I have problems following the calculations in Griffiths' Introduction to Quantum Mechanics (Chapter 4.2.1):
If you apply the Schrödinger equation to the Coulomb potential you get the following differential equation:
$$\tag{4.56}
\frac{d^2u}{d\rho^2} ~=~ [1-\frac{\rho_0}{\rho} + \frac{\ell(\ell+1)}{\rho^2}]u.
$$
A few steps later my books substitutes $u(\rho)$ without explaining why this is allowed:
The next step is to peel of the asymptotic behavior, introducing a new function $v(\rho)$:
$$\tag{4.60}
u(\rho) ~=~ \rho^{\ell+1}e^{-\rho}v(\rho).
$$
How is this function still related to the Hydrogen atom?
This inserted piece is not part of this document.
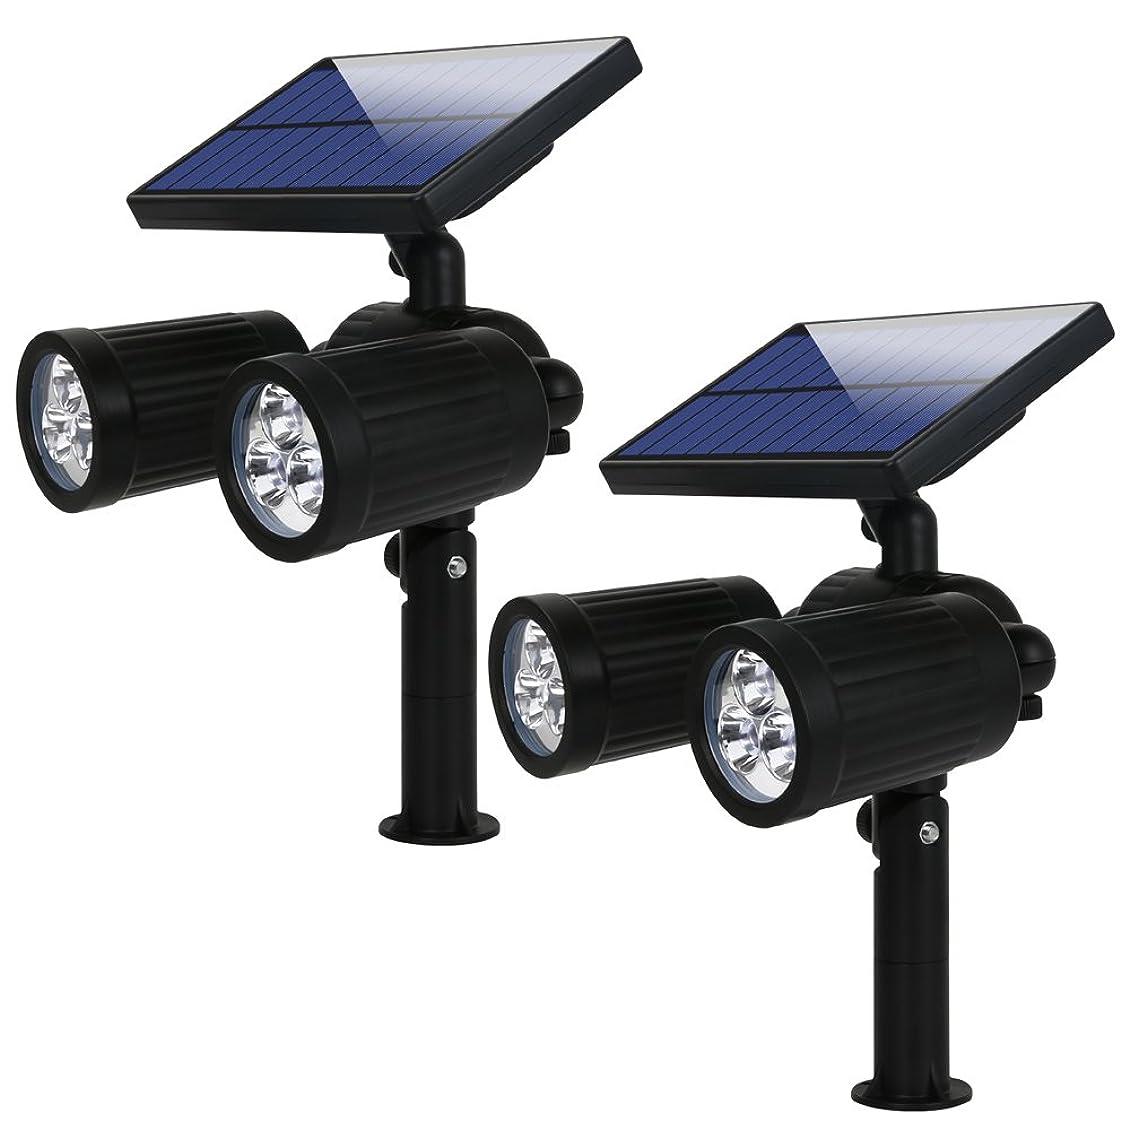 パーツ気まぐれな粒子LEDセンサーライト 12LED 人感センサーライト 明るさ3段階調整可能 USB充電式 省エネ 超寿命 マグネット付き 階段 クロゼット 玄関に最適(2個)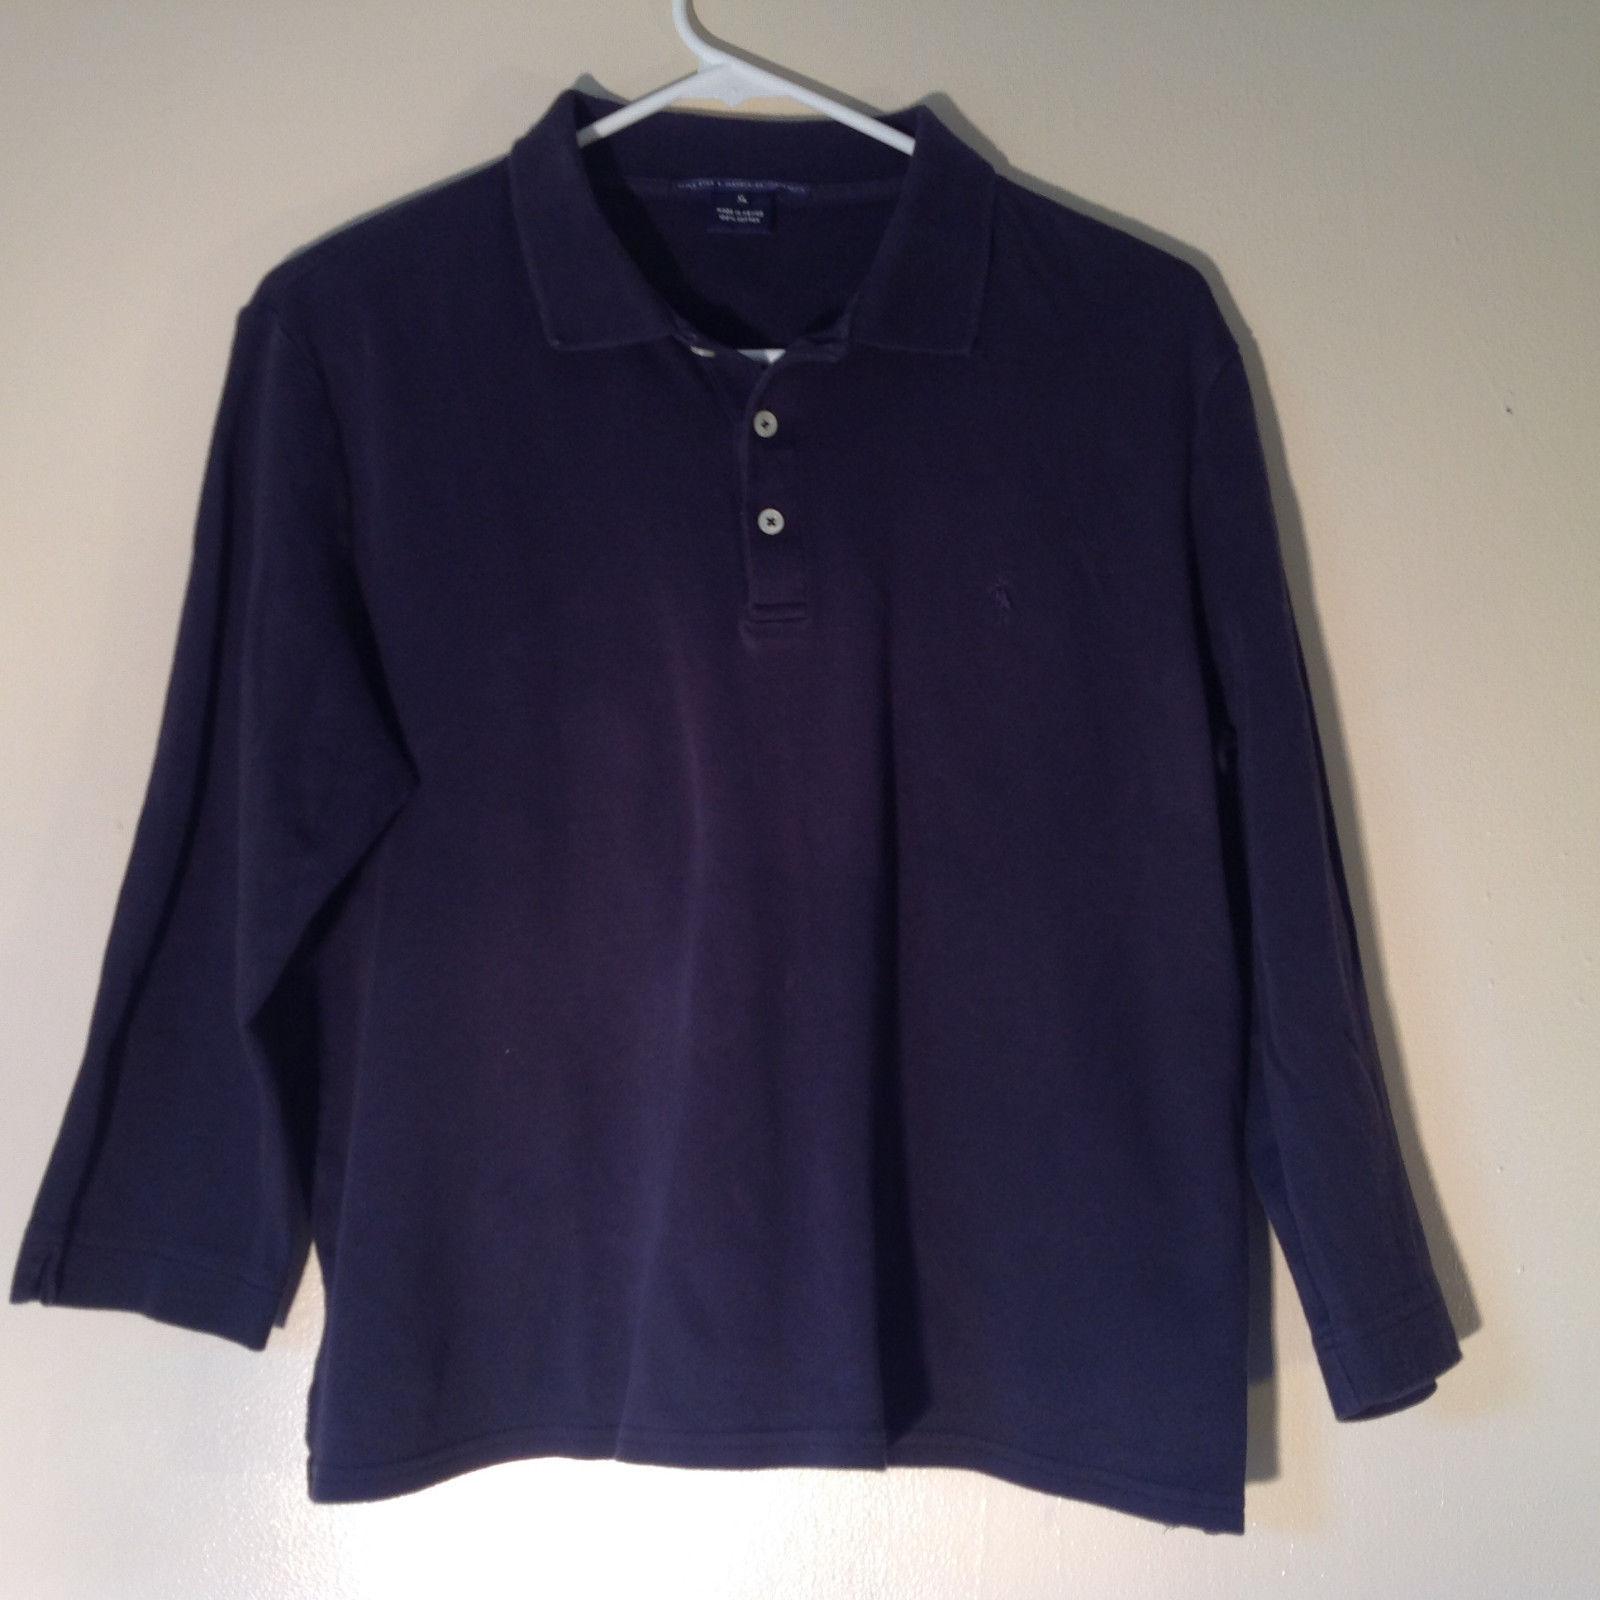 Dark Navy Blue Three Quarter Length Sleeves Collar Ralph Lauren Shirt Size XL

To me it looks like something total random.
Best Answer
As Lubos points out, you are allowed to make any substitutions you want as long as the new function is equivalent to the old one. In this case, substituting $u(\rho)=\rho^l e^{-\rho}v(\rho)$ is allowed because you can recover $u$ if you know $v$.
The question is, though, why would you choose exactly such a form? If you're just given it outright, it does look pretty random. However, there's method behind it.
Essentially, you've got an equation that's got very particular behaviour at both of its endpoints. Take, for example the $\rho\ll1$ limit: then the equation reads $$ \frac{d^2u}{d\rho^2}\approx\frac{\ell(\ell+1)}{\rho^2}u, $$ whose solutions are $u=\rho^l$ and $u=\rho^{-(l+1)}$ (which we reject as unphysical). Of course, this says nothing exact about the full solution but it does inform us about its asymptotic behaviour as $\rho\rightarrow0$.
Similarly, in the $\rho\gg l$ limit you have $\frac{d^2u}{d\rho^2}\approx u$, so $u=e^{-\rho}$ (as $u=e^\rho$ is unphysical). Again, this only gives information about the asymptotics about $\rho\rightarrow\infty$.
So what have our limit games gained us? Formally, we know nothing about the exact solution, but we do know that it has to behave something like $u=\rho^le^{-\rho}\times\mathrm{some\, function}$. Plus, this new function will be better behaved than $u$ at the endpoints - constant at the origin and up to polynomial at infinity.
Thus, we make an informed guess and substitute $u=\rho^le^{-\rho}v(\rho)$, transforming the equation to the new variables, and hoping as we do so that the result will be a simpler equation. As it happens, it is both simpler and better behaved, with better-behaved singularities, and its solutions are now simple enough (the complexity being absorbed into the prefactors just discussed) that they are in fact polynomials.
In general, the exact form of the substitution will depend on the exact problem. One usually tries to do this kind of asymptotic analysis to try and distil away, slowly, the problem's complexity.